BITS Pilani alumni’s online bike service platform raises $500k, to go into overdrive
Gear6.in is a Bengaluru-based online bike service and repair platform. After three months of operations, the startup today announced that it had raised a $500k seed round from Ninestarter Services. The funding will be mainly utilised in marketing, onboarding more service centres, and expanding their customer base.
Story so far
Gear6.in was founded in November 2015 by four BITS-Pilani alumni – Rakesh Vaddadi (CEO), Harrsha Chaittanya (CMO), Kumud Kumar (CTO), and Srikanth Nelakuditi (COO) and now consists of a 30-member team. The startup officially began operations in January 2016 and claims to be averaging about 500 transactions a month at this stage.
Gear6.in aims to simplify end-to-end bike maintenance and bring the entire sector online and help consumers save effort and make bike maintenance more economical and viable. It also wants to help customers make more informed decisions and have more control over the whole cycle. Covering a range of services, from regular servicing to more complex bike breakdowns, gear6.in claims to be well-equipped to handle a plethora of problems.
The startup provides services in almost all localities in Bengaluru, and currently has tie-ups with more than 100 authorised and multi-branded service centres. Talking about the pain points customers face, Rakesh said,
The motorcycle maintenance landscape in India is largely fragmented and unorganised, with a large disparity in rates, service quality, and customer experience across garages and service centres. We started gear6.in to address these problems.
Speaking to YourStory, Rakesh added that they are not charging any of the authorised centres that have partnered with them, at this stage. He said, “Our current focus is not on generating a lot of revenue from all channels. There is a lot of inefficiency in the system and mindsets need to change.”
Gear6.in currently only charges end customers for transport and towing fees to sustain operations. In the future, they aim to monetise through multiple channels once the market is more mature on both the supply and demand side. In the long term, Gear6.in aims to expand to more cities and enter other verticals too like the four-wheeler servicing sector and also provide services for cycle owners. Rakesh added,
The long-term vision is to be a platform that caters to anything with wheels.
How it works
To get their vehicles serviced or repaired, users can request one of gear6.in’s technician’s to come to their doorstep and assess the situation. Currently, users can place the request through the website and from their recently launched Android app(with iOS to be launched soon) by picking their preferred time and date. Rakesh added that the team currently sees a lot of traction on weekends and many orders from commercial areas during the week. He said,
We have been able to pick up vehicles from our customer’s offices and successfully deliver it back to them by the time they need to leave in the evening.
After checking out the vehicle, taking notes and photographs, the technician informs the owner of the issues and makes necessary arrangements. If the vehicle has a major issue, the technician arranges for a towing vehicle and takes it to the service centre chosen by the user. In case the vehicle is in working condition and has minor issues, the technician drives it to the service centre to get it fixed.
Users are provided with a real-time tracking system to help them monitor the progress remotely. Once the vehicle is ready, it is returned to the owner for a final inspection and he or she can then make the payment either online or through cash.
Rakesh added that they have a rigorous onboarding process for all their technicians which includes police verification and a seven-day training process, which includes written and practical tests.
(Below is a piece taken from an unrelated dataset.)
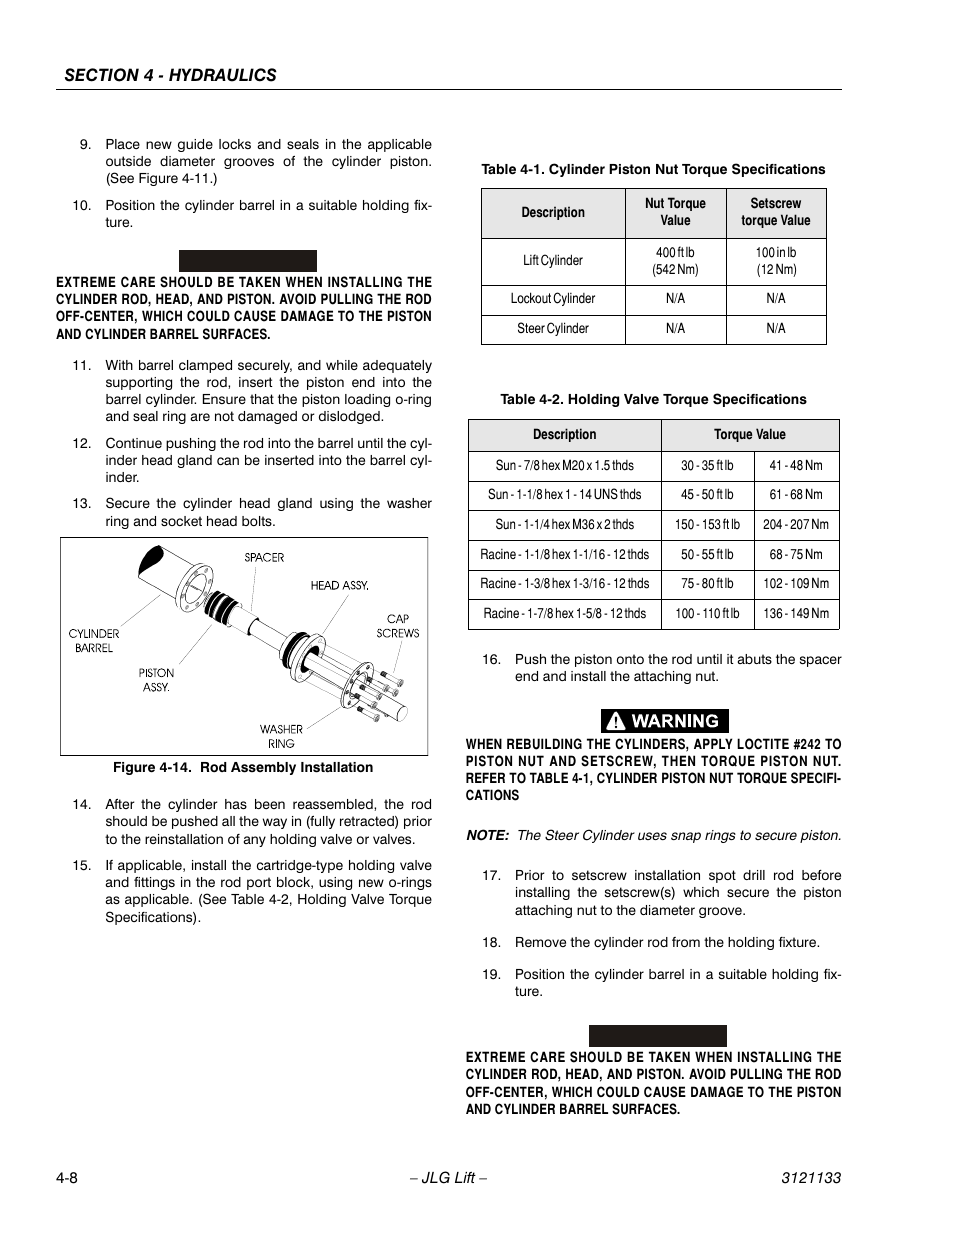 Hydraulic Cylinder Piston Nut Torque Chart

With the number of vehicles increasing on the road globally, there is a big market for maintenance and repair services for both two and four wheelers. USA-based Your Mechanic, which recently raised a $24 million Series B round, is a prominent player in this space. Closer home in India, we have Mericar.com that is backed by Rajan Anandan and My First Cheque along with recent entrants like Cartisan which raised an undisclosed amount in its seed round funding from YouWeCan ventures in July 2015 and Gurgaon based-Carpathy.
Coming to two-wheelers, Drivojoy founded by ex-Ola and Microsoft employees recently raised Rs 4 crores from IAN and Bengaluru-based LetsService, are other players in this sector. But Drivojoy’s main focus is on quick fixes and problems which their professionals can perform on the spot. Gear6.in on the other hand aims to focus on more elaborate fixes at service centres.
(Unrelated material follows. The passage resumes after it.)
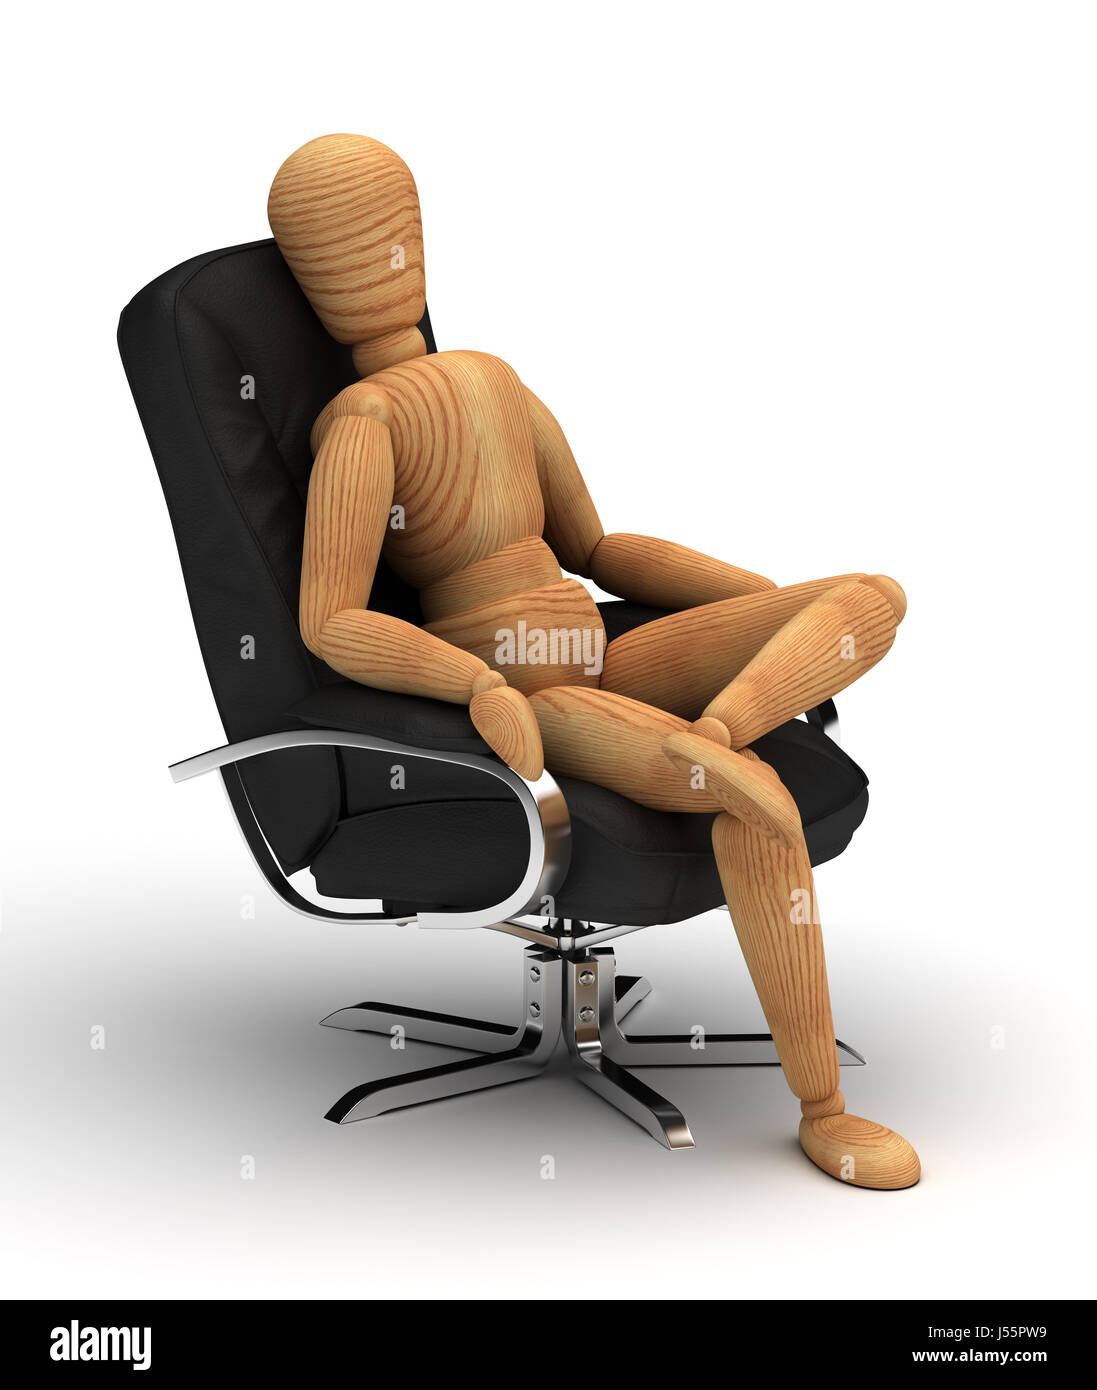 Rilassarsi seduti sulla sedia nero Foto Stock

India is estimated to be the largest manufacturer of two wheelers in the world. With Indians generally being more value conscious and a large number generally relying on them for day-to-day transport, there is potential for tremendous growth for Gear6.in in the near future.
While internal combustion vehicles will probably stay around for a long time, a new breed of electric vehicles are making their way into global markets. Ather Energy recently unveiled Ather S340, an electric two wheeler made of a light-weight aluminium chassis and powered by a lithium-ion battery pack. Also last week, Tesla announced that their mass market electric vehicle, Model 3 priced at $35,000 would available for shipping to India in late 2017. Then there are vehicles like Mahindra's E2O and Hero Electric's Maxi trying to bring about a change.
Gear6.in has an interesting value proposition for a valid pain point and with this round of funding has got the necessary firepower to experiment and capture the two wheeler market. But it will be interesting to see how this sector evolves in the coming years and how startups innovate with the times.